[RECORD SET]:
┌────────

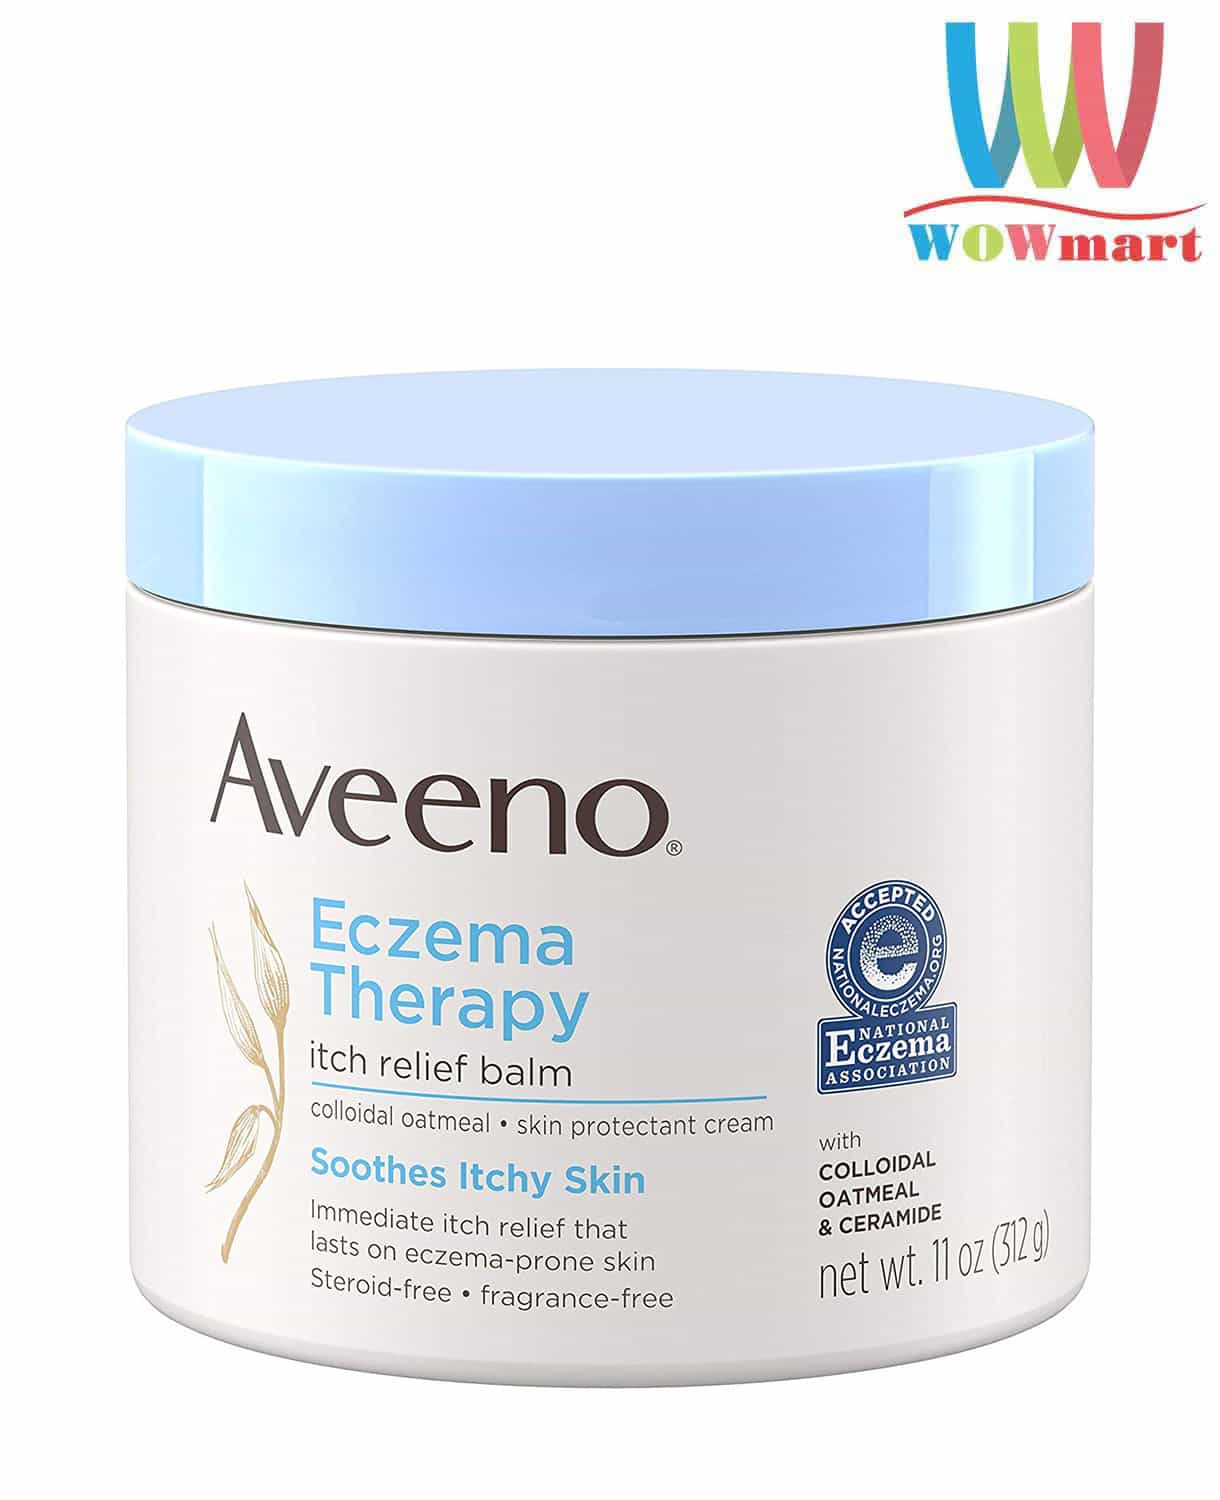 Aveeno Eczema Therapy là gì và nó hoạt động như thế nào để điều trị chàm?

└────────
┌────────

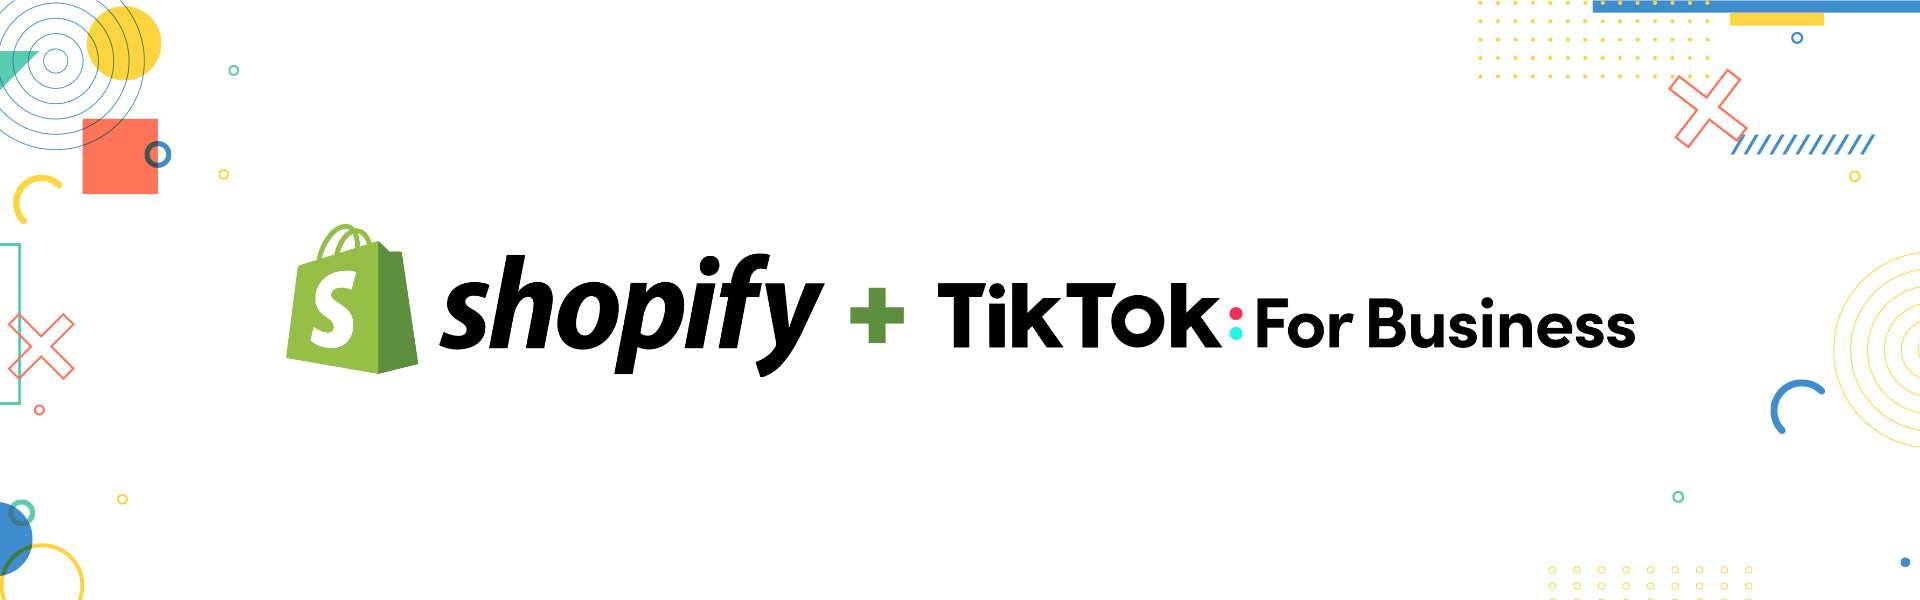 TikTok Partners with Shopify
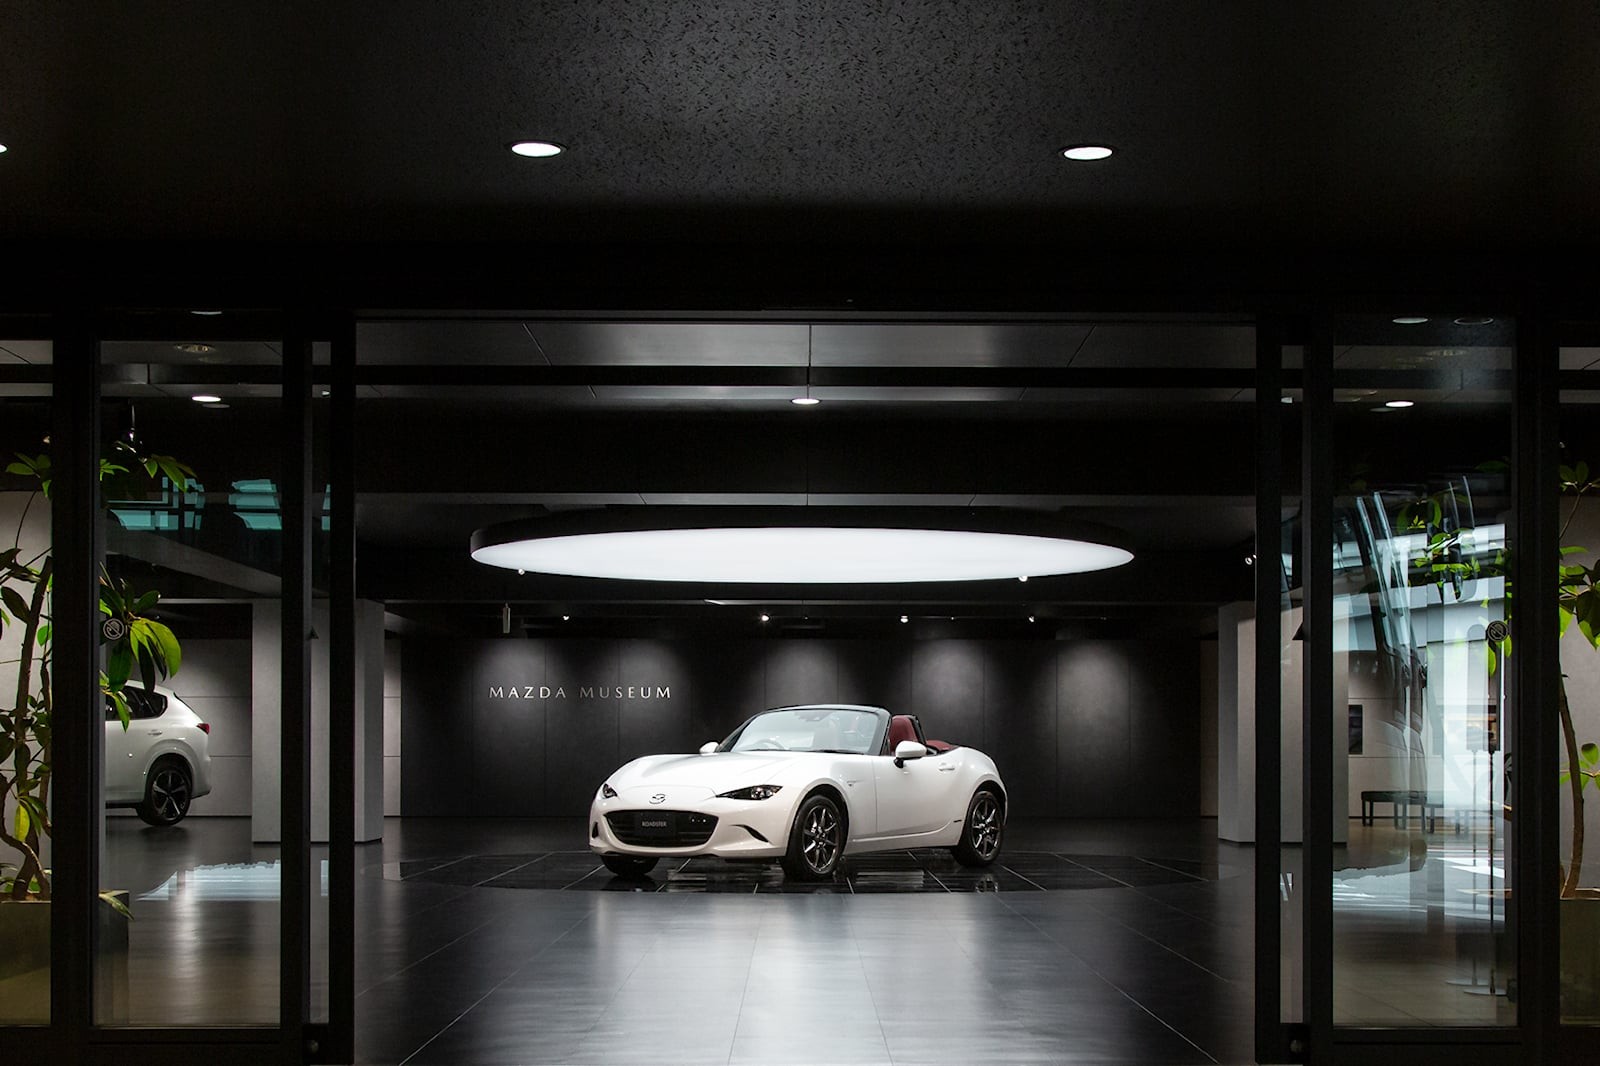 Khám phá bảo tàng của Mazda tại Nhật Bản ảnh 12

└────────

[WORK ORDER]: What is needed is an exact copy of only the lines above from the one with "TikTok Partners with Shopify" to the one with "Khám phá bảo", both kept, with every picture left out.

[FINISHED EXERCISE]:
 TikTok Partners with Shopify
 Khám phá bảo tàng của Mazda tại Nhật Bản ảnh 12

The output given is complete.